* **What is needed**:
From the line containing "Abmessungen: Höhe: 18" to the final line of the material below, copy each line exactly, including both endpoints, and leave out all other lines.

* **Provided records**:
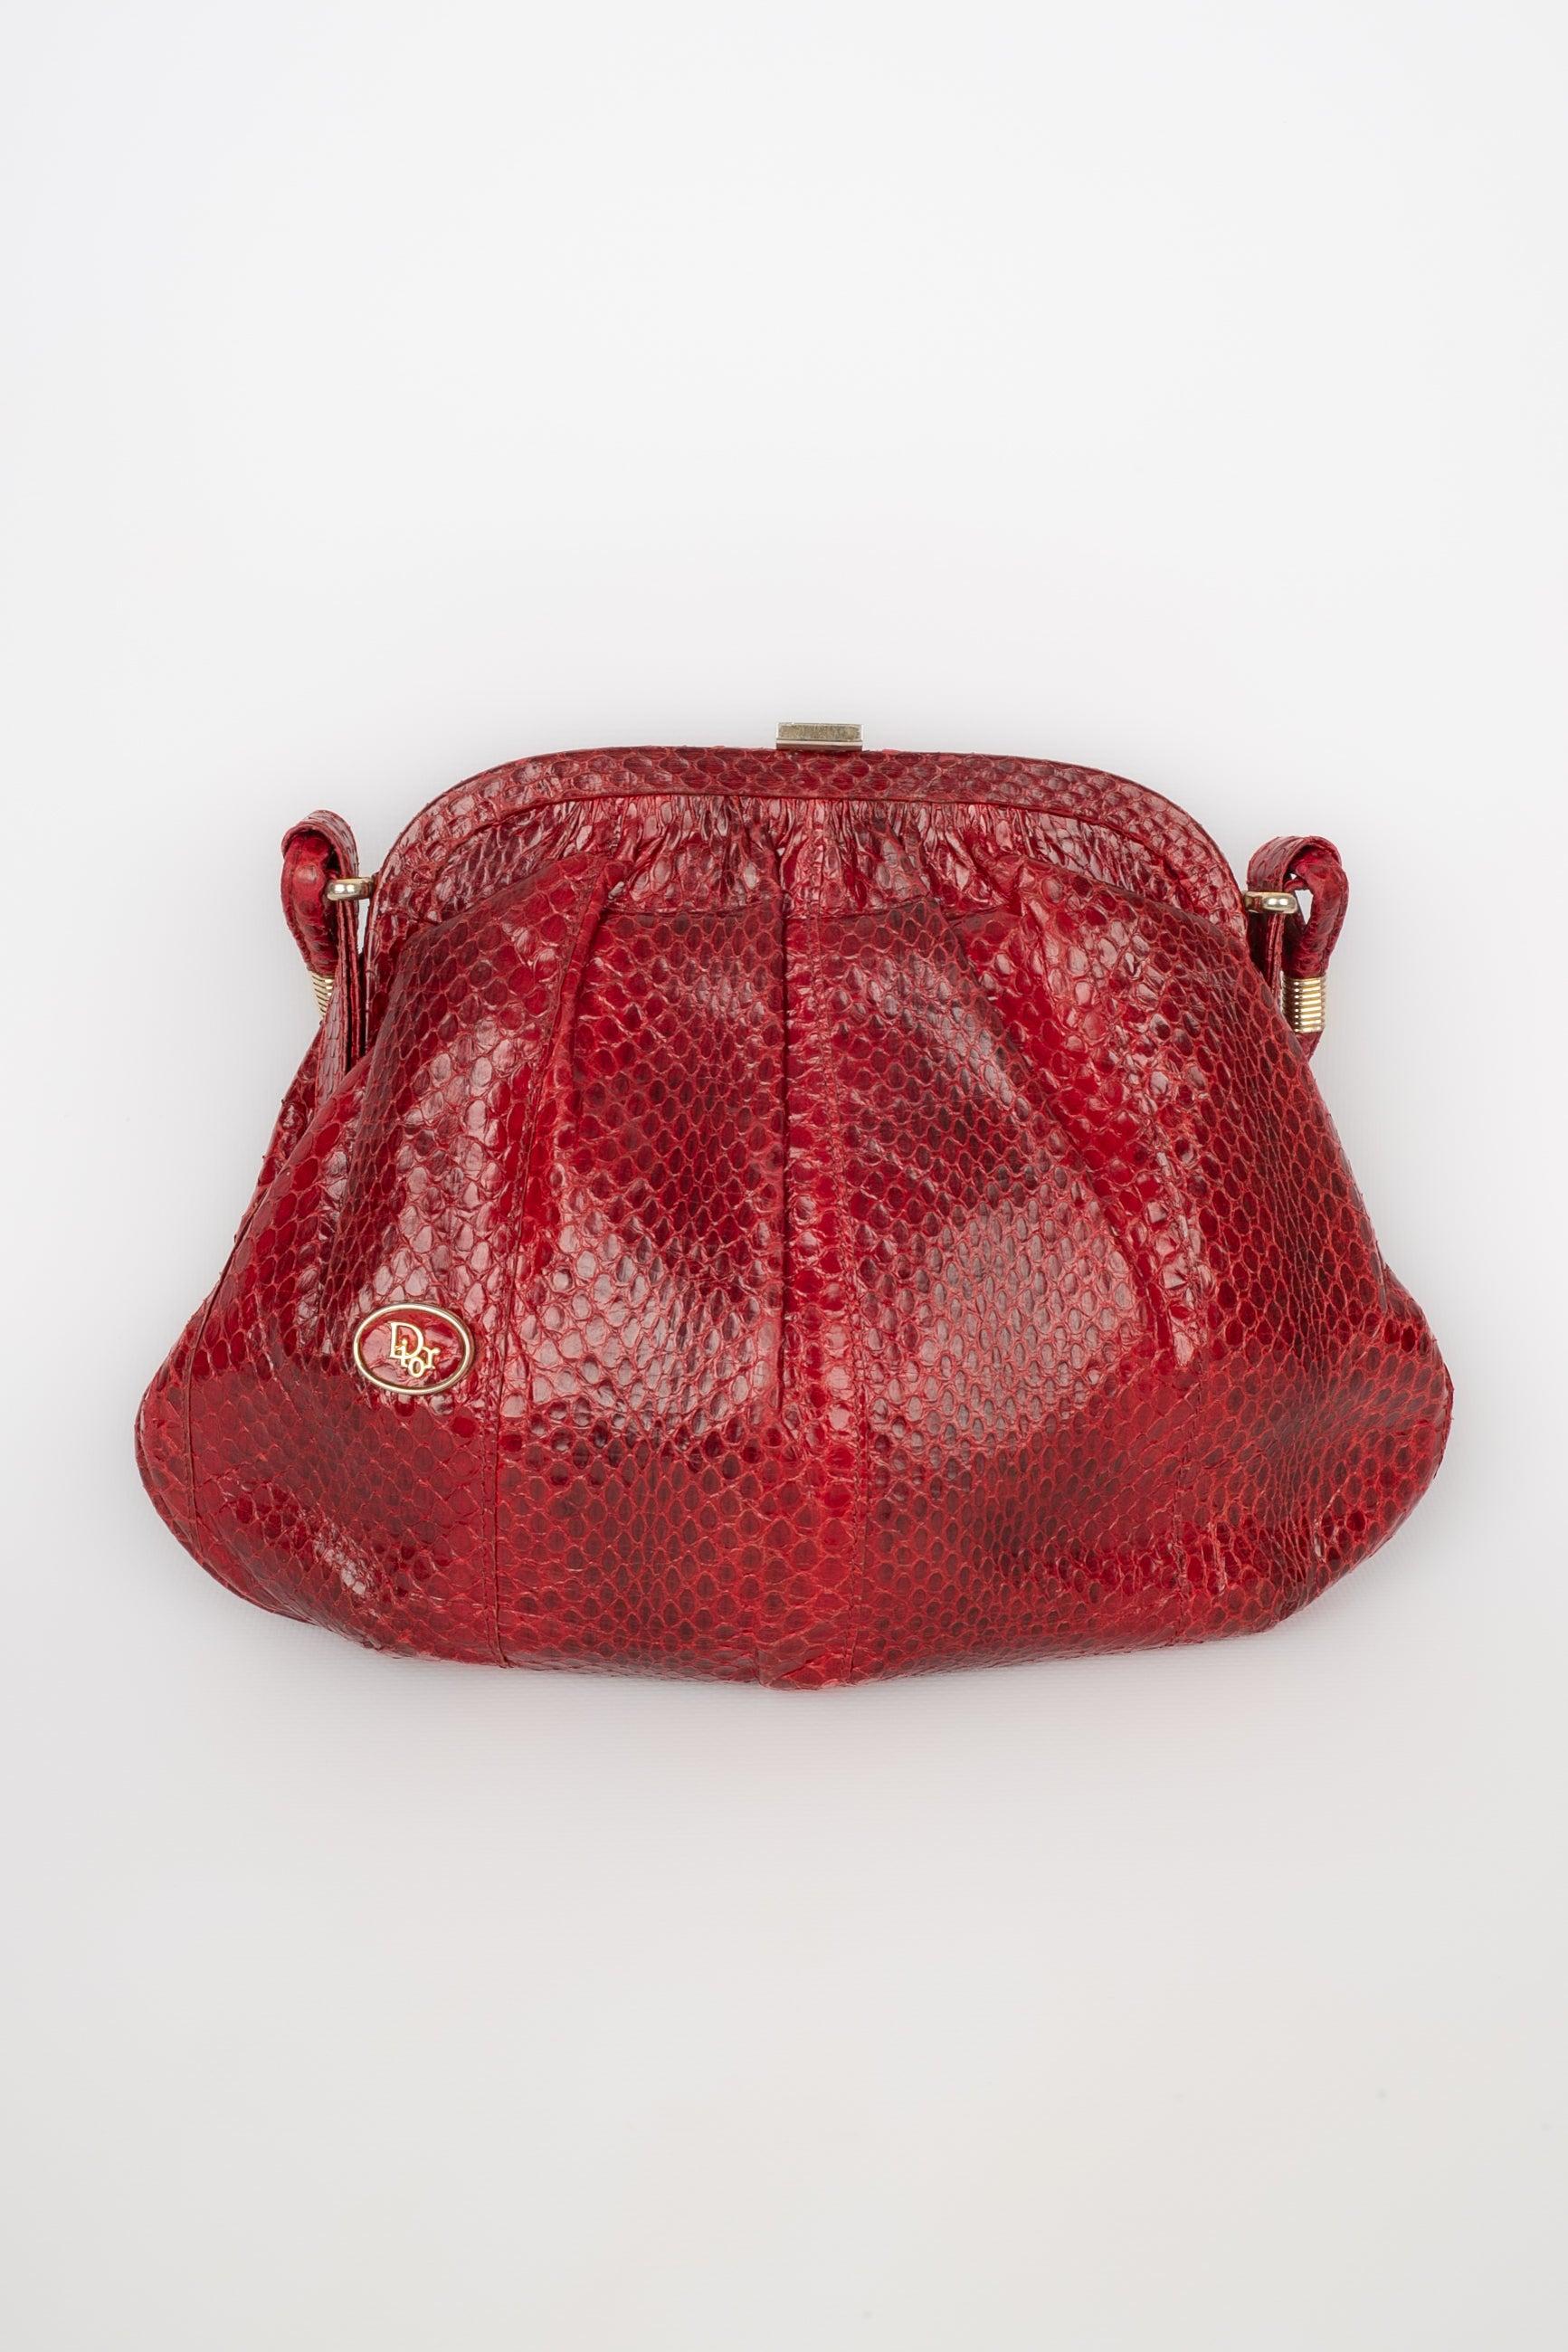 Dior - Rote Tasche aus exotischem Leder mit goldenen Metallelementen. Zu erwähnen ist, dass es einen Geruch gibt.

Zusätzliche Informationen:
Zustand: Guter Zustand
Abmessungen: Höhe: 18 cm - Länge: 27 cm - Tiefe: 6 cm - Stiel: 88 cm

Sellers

* **Response to the task**:
Abmessungen: Höhe: 18 cm - Länge: 27 cm - Tiefe: 6 cm - Stiel: 88 cm

Sellers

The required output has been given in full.